::: Material for this exercise :::

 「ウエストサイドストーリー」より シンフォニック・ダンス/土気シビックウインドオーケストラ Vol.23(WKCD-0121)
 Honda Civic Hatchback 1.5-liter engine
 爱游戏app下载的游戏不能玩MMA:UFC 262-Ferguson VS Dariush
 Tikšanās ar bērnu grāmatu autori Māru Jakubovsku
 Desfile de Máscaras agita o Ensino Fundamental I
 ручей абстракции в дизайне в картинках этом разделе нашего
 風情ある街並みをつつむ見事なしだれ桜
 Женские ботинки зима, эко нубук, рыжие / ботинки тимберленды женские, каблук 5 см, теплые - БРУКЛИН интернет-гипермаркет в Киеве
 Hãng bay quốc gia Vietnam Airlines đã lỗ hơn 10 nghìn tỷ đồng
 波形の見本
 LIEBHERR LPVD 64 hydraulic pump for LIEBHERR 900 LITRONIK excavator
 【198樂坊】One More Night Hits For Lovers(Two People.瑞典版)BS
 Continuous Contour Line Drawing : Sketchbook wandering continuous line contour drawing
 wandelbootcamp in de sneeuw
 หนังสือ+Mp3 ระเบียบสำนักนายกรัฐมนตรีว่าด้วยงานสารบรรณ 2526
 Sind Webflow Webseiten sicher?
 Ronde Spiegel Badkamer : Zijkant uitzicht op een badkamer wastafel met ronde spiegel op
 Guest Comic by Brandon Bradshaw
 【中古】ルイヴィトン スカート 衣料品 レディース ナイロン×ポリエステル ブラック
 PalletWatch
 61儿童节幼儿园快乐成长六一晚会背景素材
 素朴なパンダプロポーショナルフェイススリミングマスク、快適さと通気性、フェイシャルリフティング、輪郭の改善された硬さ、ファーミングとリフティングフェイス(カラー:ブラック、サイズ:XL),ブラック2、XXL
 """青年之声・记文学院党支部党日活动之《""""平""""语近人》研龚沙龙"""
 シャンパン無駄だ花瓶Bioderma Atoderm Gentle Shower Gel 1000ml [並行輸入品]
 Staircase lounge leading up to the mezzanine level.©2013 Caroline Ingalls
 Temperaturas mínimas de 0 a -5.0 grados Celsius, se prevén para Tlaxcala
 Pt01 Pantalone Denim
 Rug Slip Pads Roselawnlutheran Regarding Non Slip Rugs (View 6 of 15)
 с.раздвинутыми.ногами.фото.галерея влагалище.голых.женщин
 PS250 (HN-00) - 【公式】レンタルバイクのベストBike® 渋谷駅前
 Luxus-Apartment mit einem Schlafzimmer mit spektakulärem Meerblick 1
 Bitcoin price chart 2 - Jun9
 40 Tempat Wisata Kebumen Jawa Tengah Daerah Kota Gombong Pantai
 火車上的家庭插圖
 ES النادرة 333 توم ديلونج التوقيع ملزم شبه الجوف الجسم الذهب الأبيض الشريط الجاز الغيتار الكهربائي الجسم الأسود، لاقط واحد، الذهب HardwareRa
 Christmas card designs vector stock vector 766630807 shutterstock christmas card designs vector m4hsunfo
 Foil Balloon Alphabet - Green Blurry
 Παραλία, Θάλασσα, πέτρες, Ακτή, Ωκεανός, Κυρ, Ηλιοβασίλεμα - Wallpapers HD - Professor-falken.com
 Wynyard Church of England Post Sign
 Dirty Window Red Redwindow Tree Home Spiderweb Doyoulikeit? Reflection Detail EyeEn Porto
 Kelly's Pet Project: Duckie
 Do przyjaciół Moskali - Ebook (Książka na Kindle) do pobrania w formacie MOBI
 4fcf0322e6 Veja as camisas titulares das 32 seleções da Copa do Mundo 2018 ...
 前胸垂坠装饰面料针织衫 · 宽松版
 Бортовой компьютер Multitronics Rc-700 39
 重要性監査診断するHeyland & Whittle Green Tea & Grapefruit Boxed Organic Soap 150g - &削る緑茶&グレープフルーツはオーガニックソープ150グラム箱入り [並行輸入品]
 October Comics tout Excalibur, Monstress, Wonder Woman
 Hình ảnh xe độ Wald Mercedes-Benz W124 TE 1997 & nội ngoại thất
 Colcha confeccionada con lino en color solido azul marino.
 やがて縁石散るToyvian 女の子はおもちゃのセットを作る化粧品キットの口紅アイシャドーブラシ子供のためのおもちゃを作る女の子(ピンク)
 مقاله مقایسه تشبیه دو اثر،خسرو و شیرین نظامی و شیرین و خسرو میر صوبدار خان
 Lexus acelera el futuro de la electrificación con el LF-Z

:::

What needs to be done: The required answer is each line of the entries containing the string "Green".

Task solution:
 Foil Balloon Alphabet - Green Blurry
 重要性監査診断するHeyland & Whittle Green Tea & Grapefruit Boxed Organic Soap 150g - &削る緑茶&グレープフルーツはオーガニックソープ150グラム箱入り [並行輸入品]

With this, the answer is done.